Top of Data segment

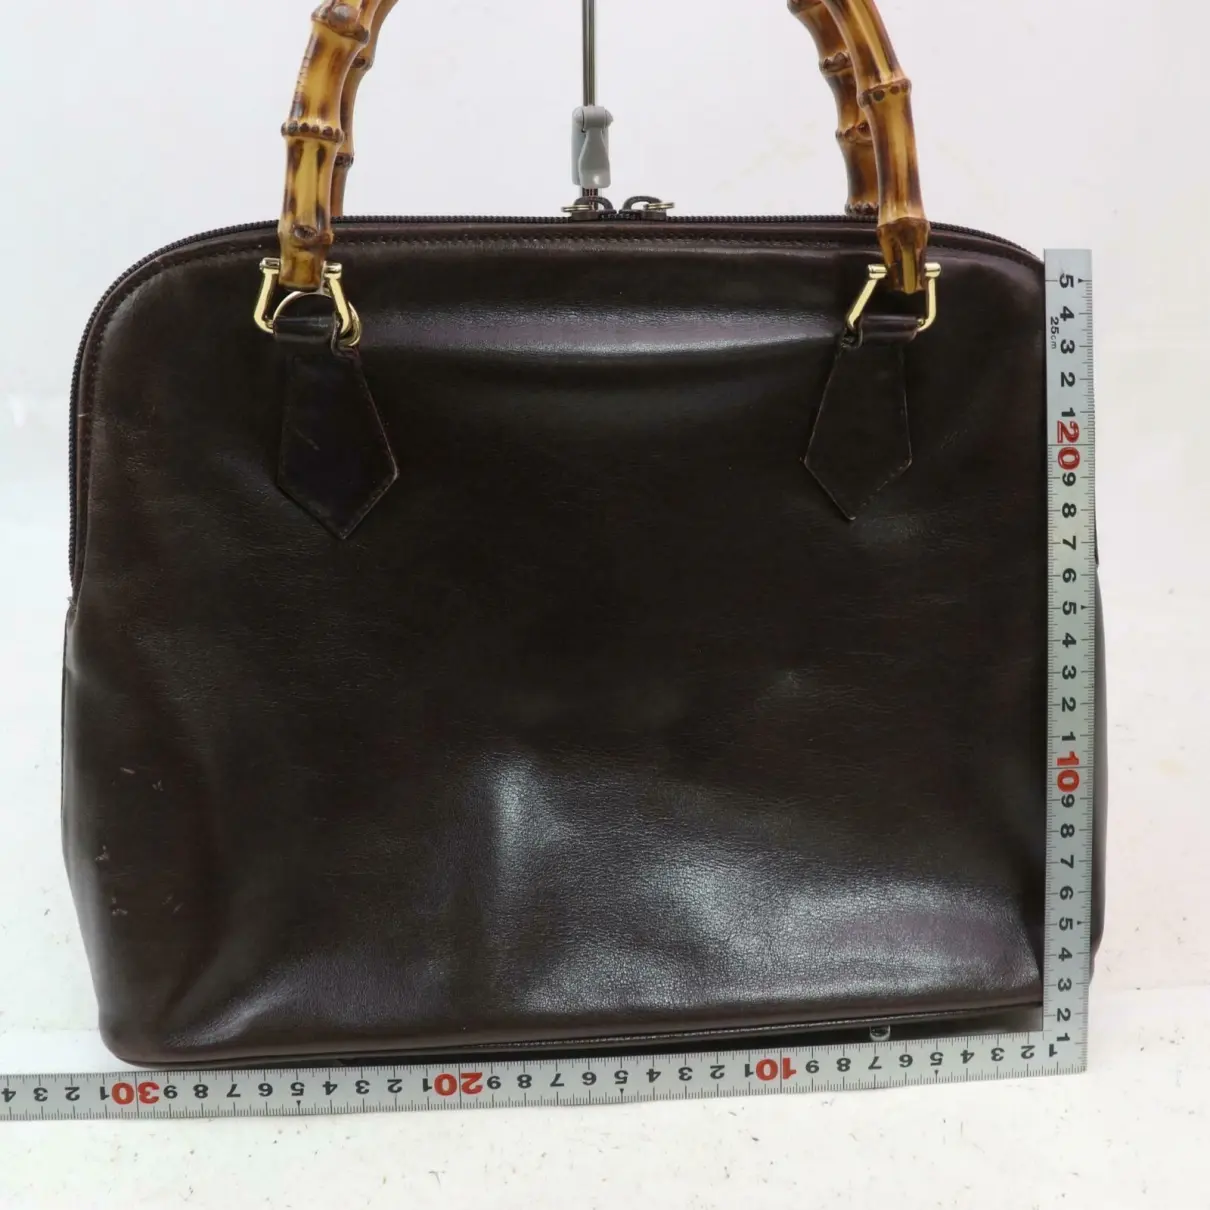 Gucci Bamboo leather handbag for sale - Vintage
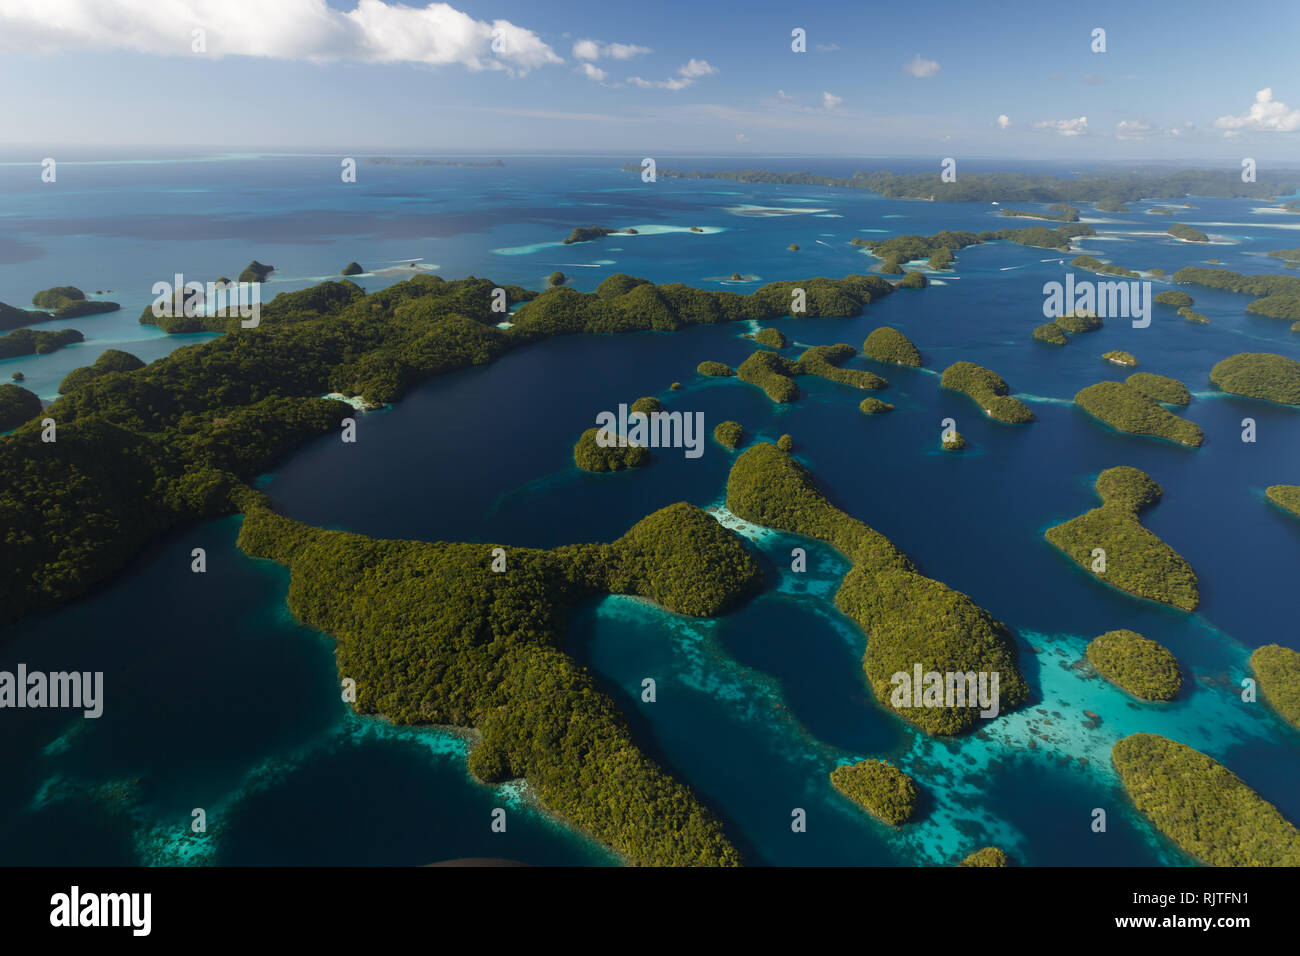 Muster der Inseln Riffe und tiefe türkisblaue Meer Stockfoto
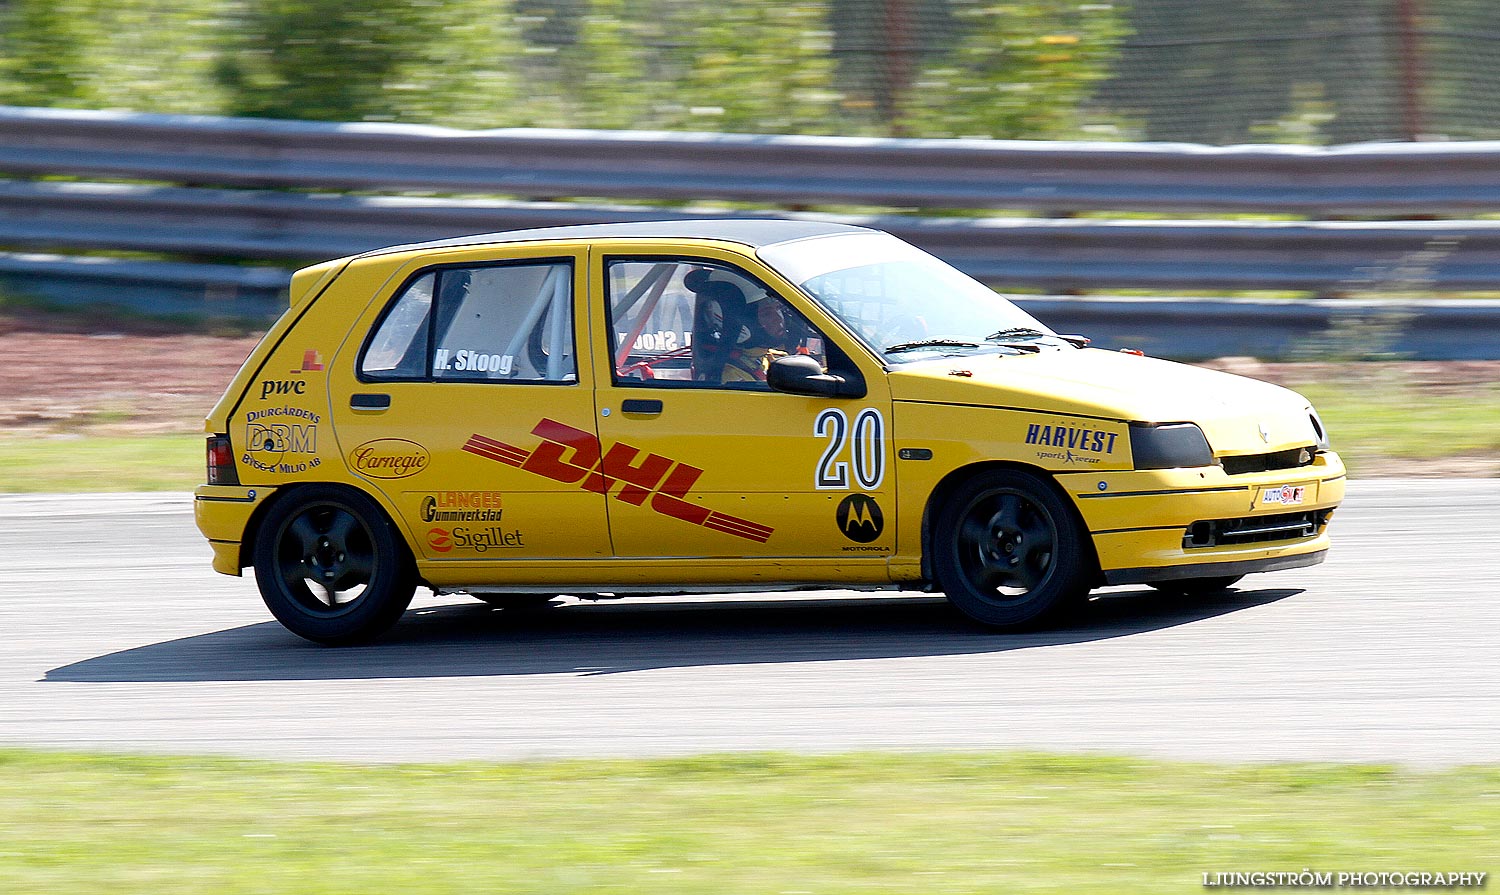 SSK Raceweek,mix,Kinnekulle Ring,Götene,Sverige,Motorsport,,2011,44541

Bottom of Data segment

▸ What is being asked
Every line above should be repeated exactly; pictures stay out of the copy.

▸ Expected output
 Gucci Bamboo leather handbag for sale - Vintage
 Muster der Inseln Riffe und tiefe türkisblaue Meer Stockfoto
 SSK Raceweek,mix,Kinnekulle Ring,Götene,Sverige,Motorsport,,2011,44541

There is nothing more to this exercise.